Research Article | Open Access

Volume 2016 | Article ID 9794570 | https://doi.org/10.1155/2016/9794570

Evaluation of “Dream Herb,” Calea zacatechichi, for Nephrotoxicity Using Human Kidney Proximal Tubule Cells

Miriam E. Mossoba,¹Thomas J. Flynn,¹Sanah Vohra,¹Paddy Wiesenfeld,¹and Robert L. Sprando¹

Academic Editor: Orish Ebere Orisakwe

Received29 Feb 2016

Accepted01 Aug 2016

Published15 Sept 2016

Abstract

A recent surge in the use of dietary supplements, including herbal remedies, necessitates investigations into their safety profiles. “Dream herb,” Calea zacatechichi, has long been used in traditional folk medicine for a variety of purposes and is currently being marketed in the US for medicinal purposes, including diabetes treatment. Despite the inherent vulnerability of the renal system to xenobiotic toxicity, there is a lack of safety studies on the nephrotoxic potential of this herb. Additionally, the high frequency of diabetes-associated kidney disease makes safety screening of C. zacatechichi for safety especially important. We exposed human proximal tubule HK-2 cells to increasing doses of this herb alongside known toxicant and protectant control compounds to examine potential toxicity effects of C. zacatechichi relative to control compounds. We evaluated both cellular and mitochondrial functional changes related to toxicity of this dietary supplement and found that even at low doses evidence of cellular toxicity was significant. Moreover, these findings correlated with significantly elevated levels of nephrotoxicity biomarkers, lending further support for the need to further scrutinize the safety of this herbal dietary supplement.

1. Introduction

Calea zacatechichi (also called Calea ternifolia or “Dream Herb”) is a flowering plant native to Central America and has a long tradition of use as a medicinal plant in indigenous cultures [1]. Exposure through inhalation (smoking) or ingestion (as tea) is primarily used to temporarily intensify lucid dreaming.
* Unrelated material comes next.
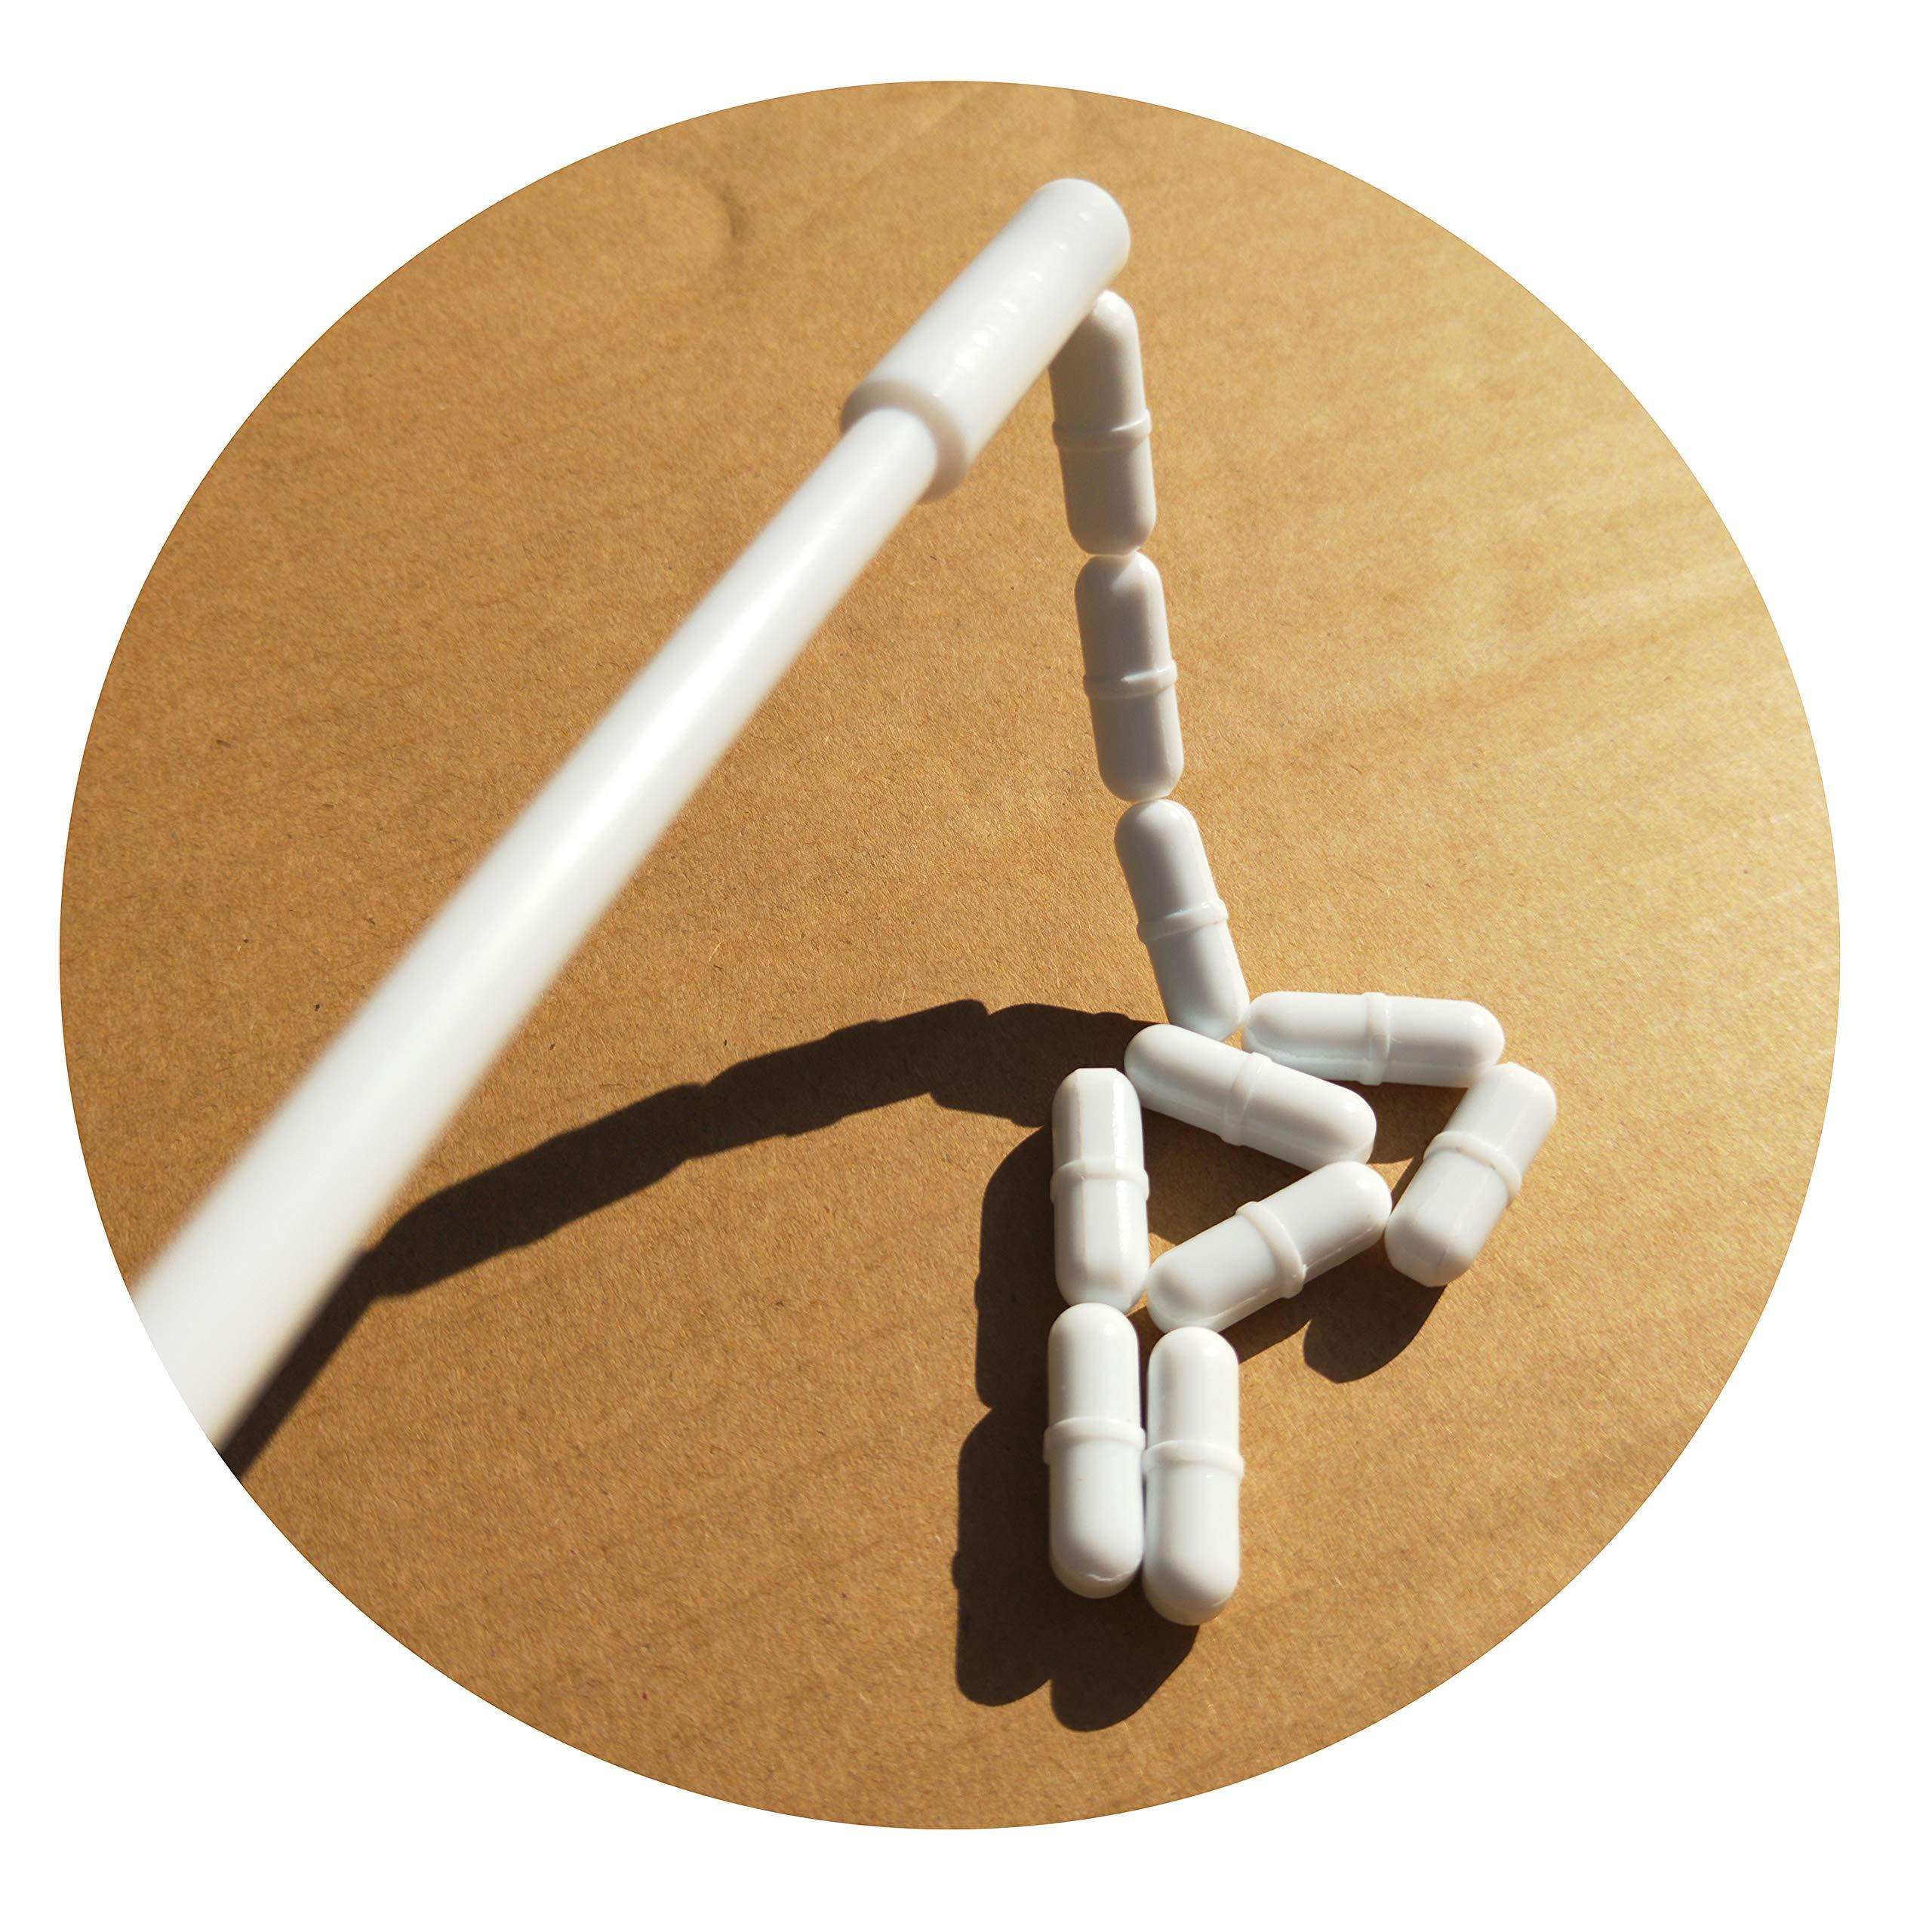 Inch Magnetic Stirrer Stir Retriever

It is also widely consumed to treat problems associated with the gastrointestinal and endocrine systems [2]. It has recently been marketed as a dietary supplement in the management of diabetes due to its ability to induce hypoglycemic effects [3–5] although its mechanism(s) of action remain unclear.

The oneirogenic and other biological effects of C. zacatechichi are attributed in part to their flavones and germacrolides components [6–10]. However, flavones represent a class of flavonoids that have been shown to carry cytotoxic effects in part through induction of cytochrome P450 enzyme expression [11–13]. In addition, germacrolides are part of the class of sesquiterpene lactones, which can also exhibit negative effects on both prokaryotic and mammalian cells [14]. The cytotoxicity of both flavonoids and sesquiterpene lactones has been exploited for use as therapy against cancer [15, 16].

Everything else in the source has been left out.